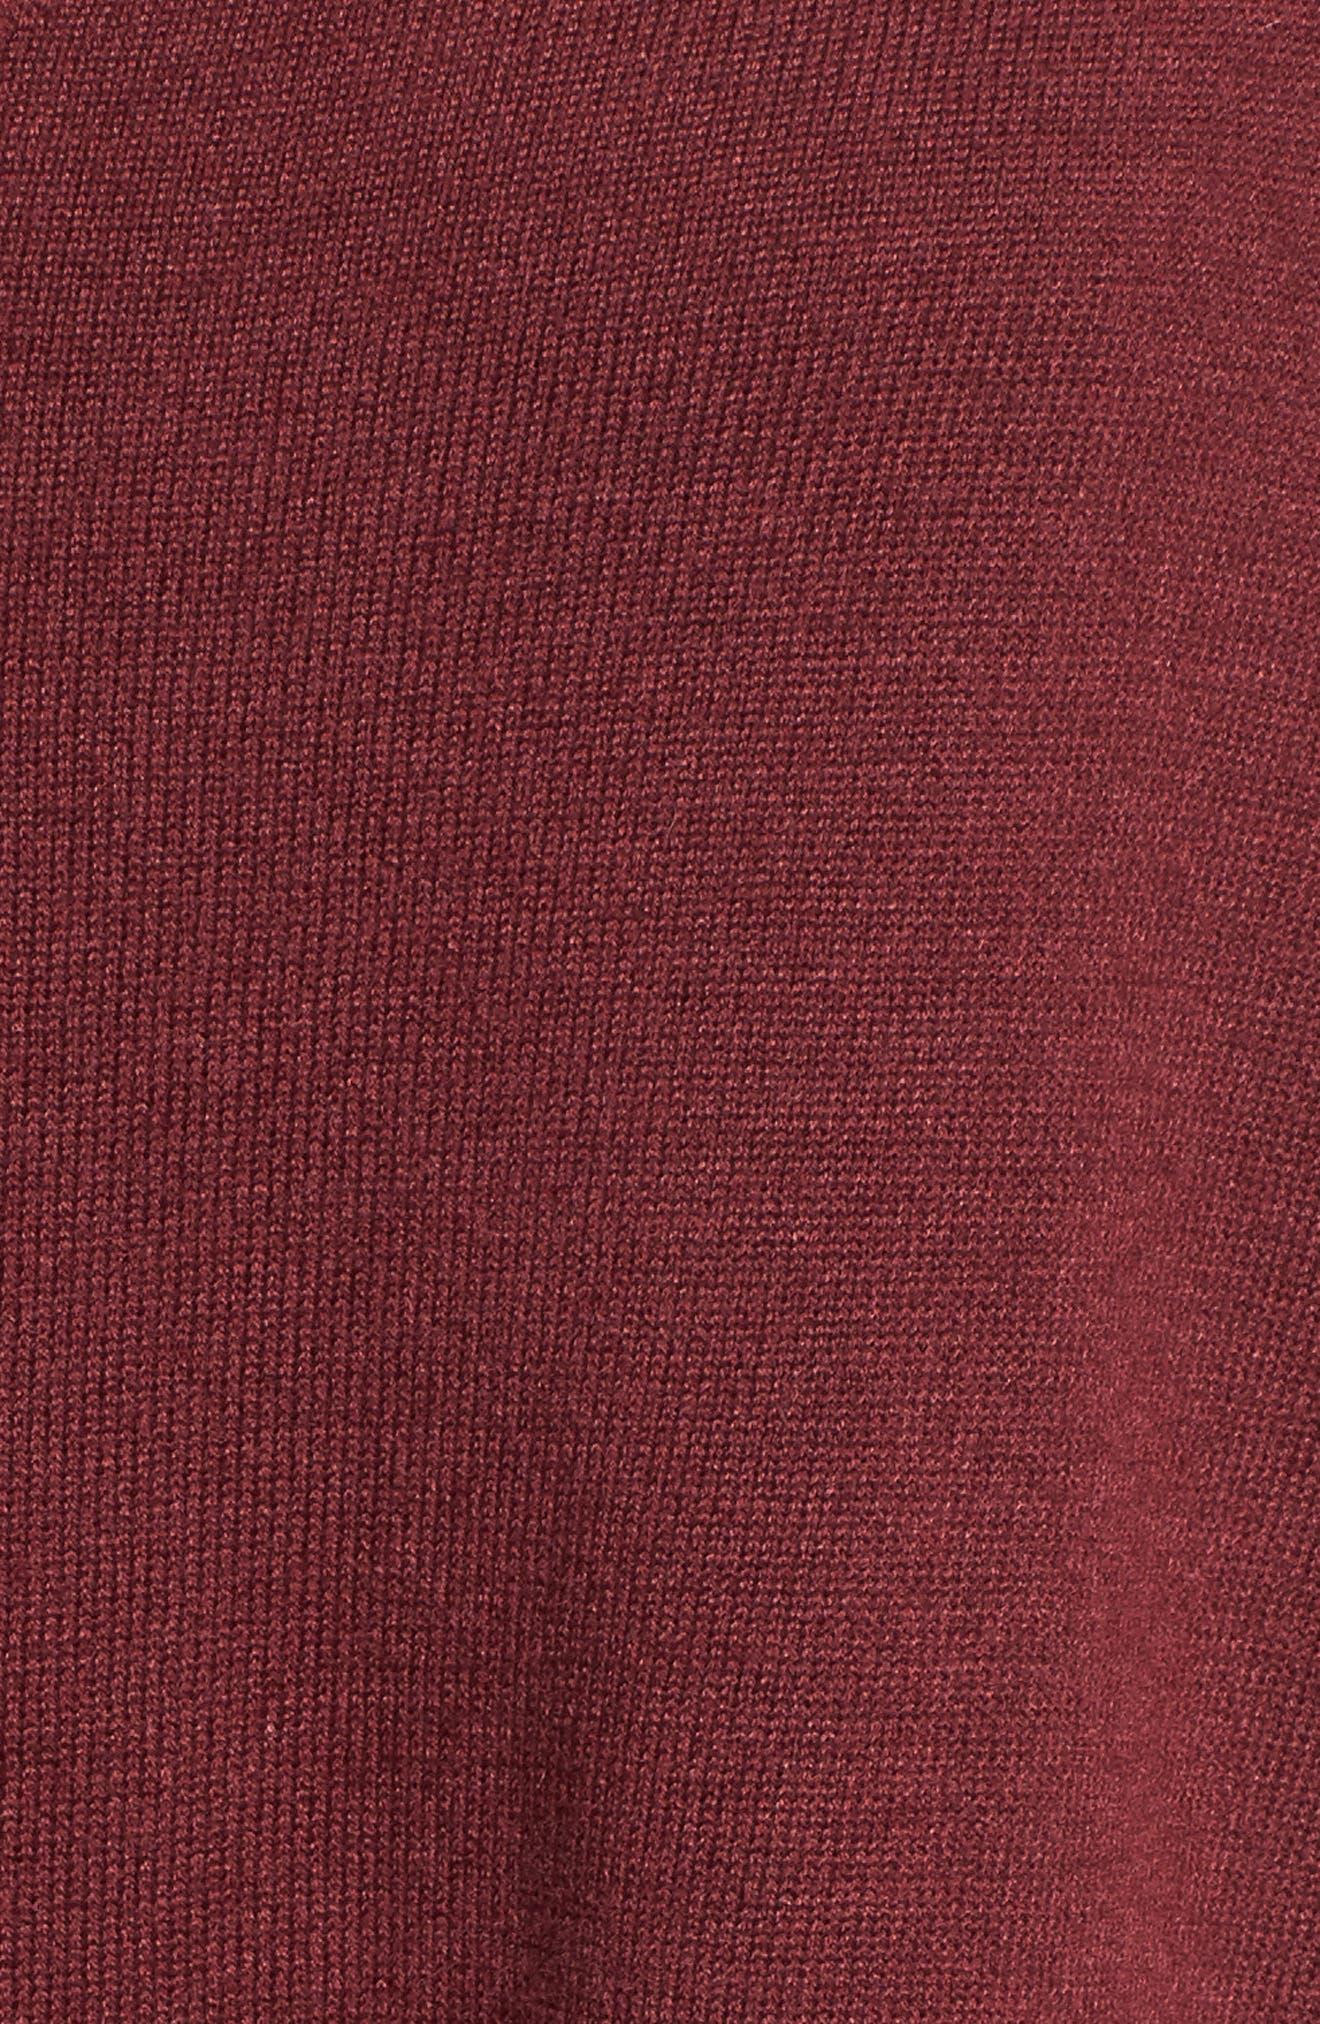 'Everyday' V-Neck Sweater,                             Alternate thumbnail 5, color,                             Burgundy London
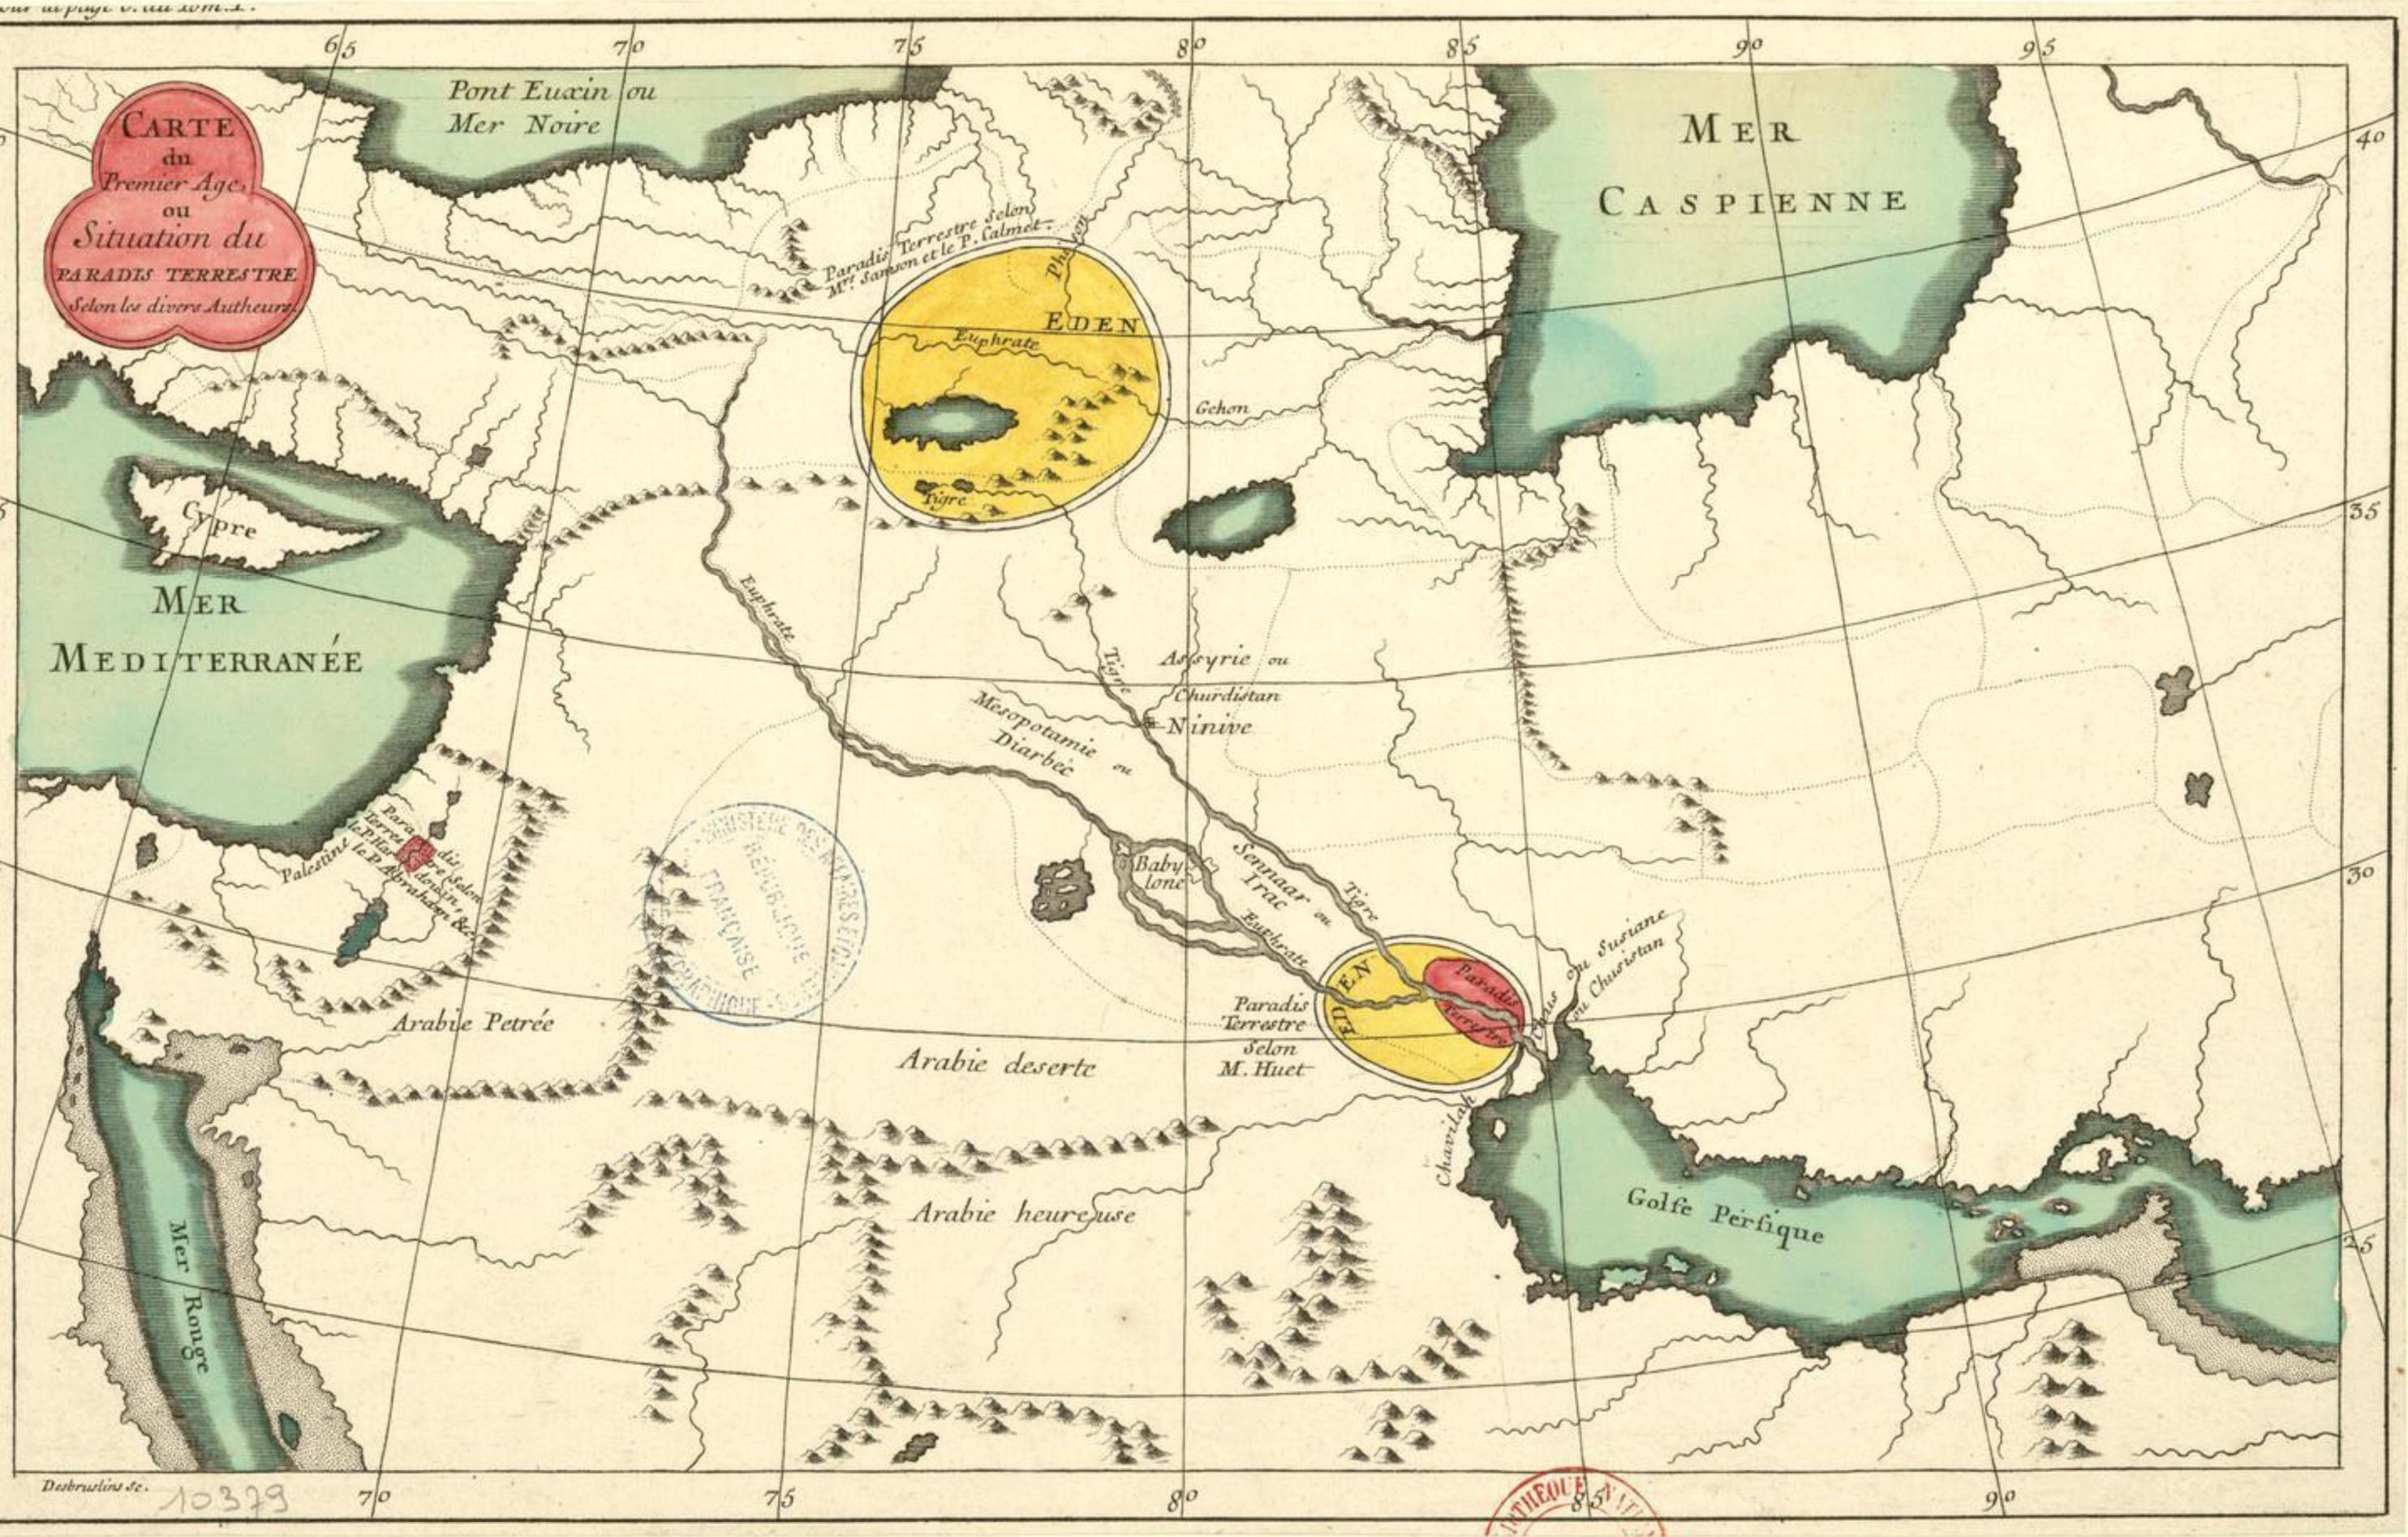 Paradis Terrestre by Desbrulins, F. 1700-1799 source Bibliothèque nationale de France
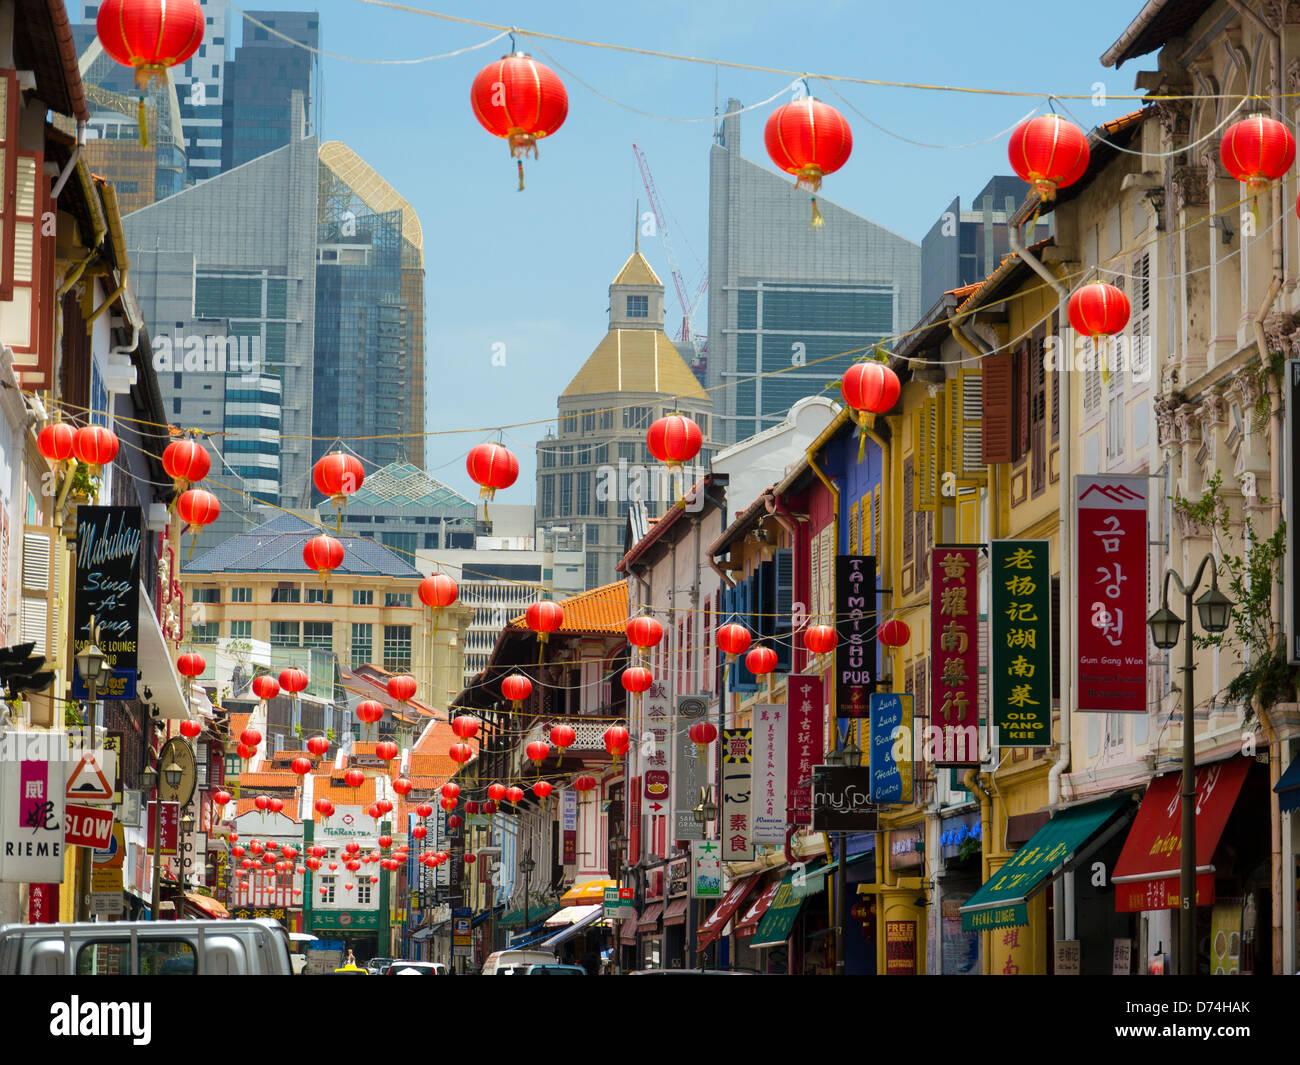 Lanternes chinoises, China Town, à Singapour, en Asie Photo Stock
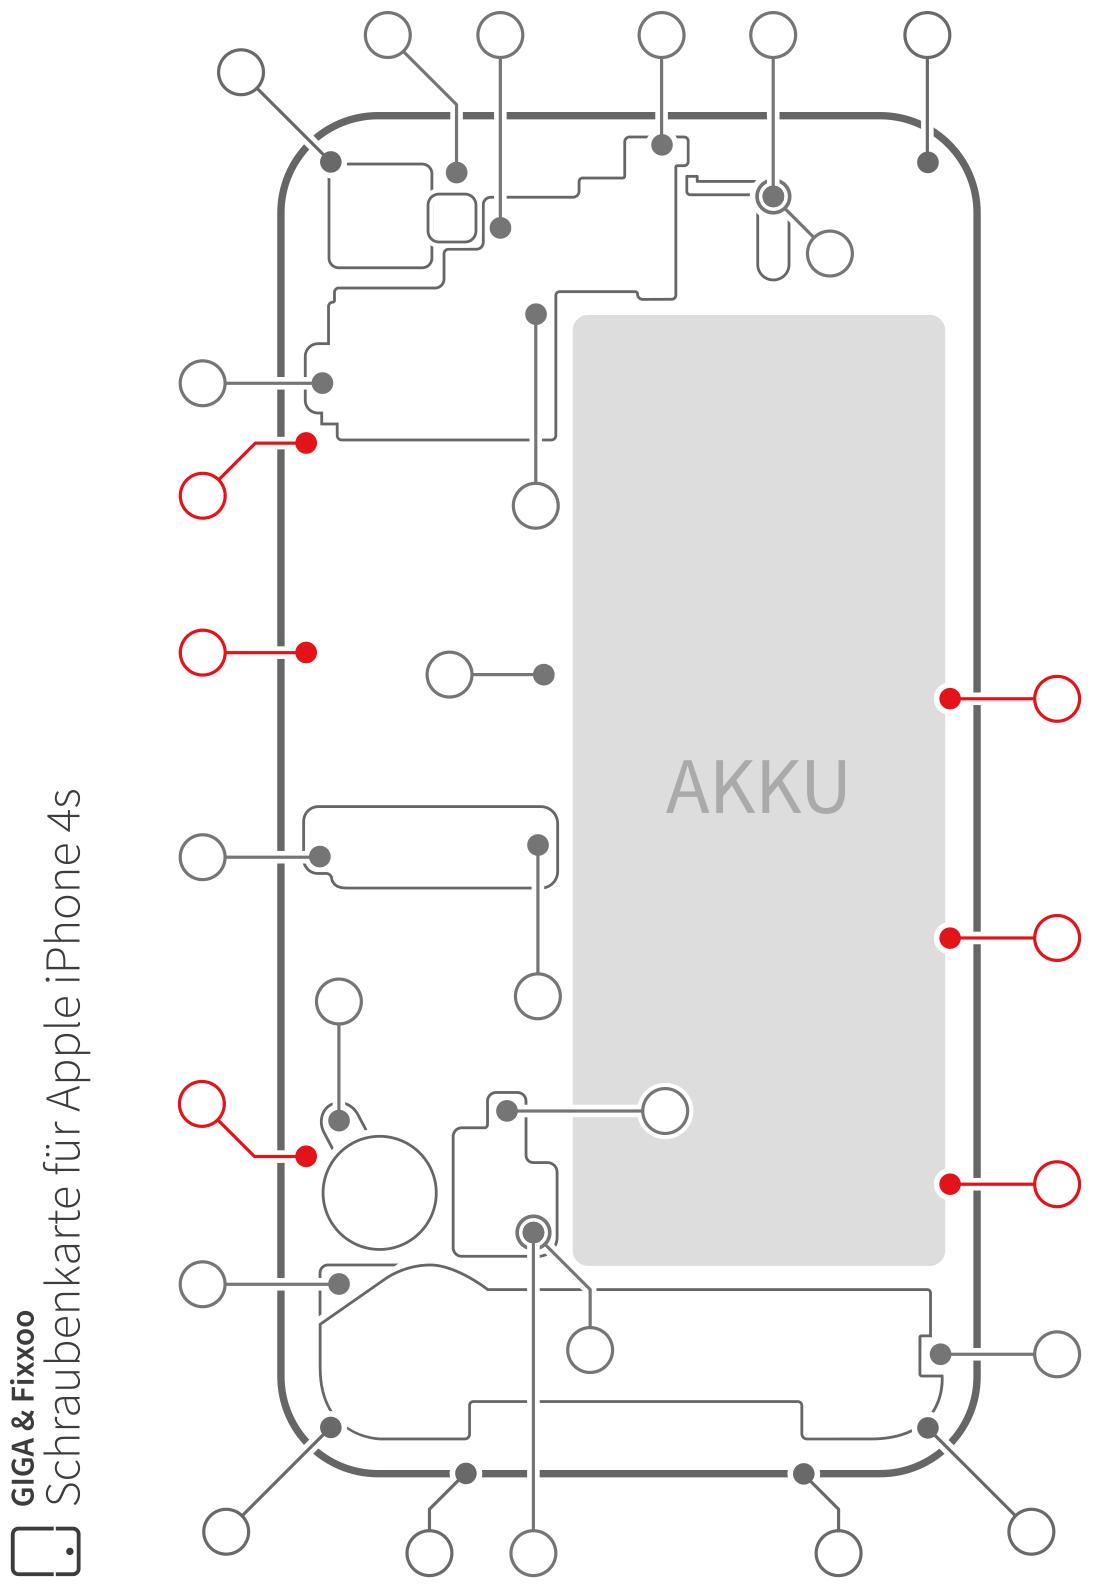 iphone 4s display reparatur anleitung und faq troubleshooting giga. Black Bedroom Furniture Sets. Home Design Ideas
────────────────────────────────────────
**Exercise details**
Please transcribe each line above exactly, but leave the images out.

**Finished task**
 'Everyday' V-Neck Sweater,                             Alternate thumbnail 5, color,                             Burgundy London
 Paradis Terrestre by Desbrulins, F. 1700-1799 source Bibliothèque nationale de France
 Lanternes chinoises, China Town, à Singapour, en Asie Photo Stock
 iphone 4s display reparatur anleitung und faq troubleshooting giga. Black Bedroom Furniture Sets. Home Design Ideas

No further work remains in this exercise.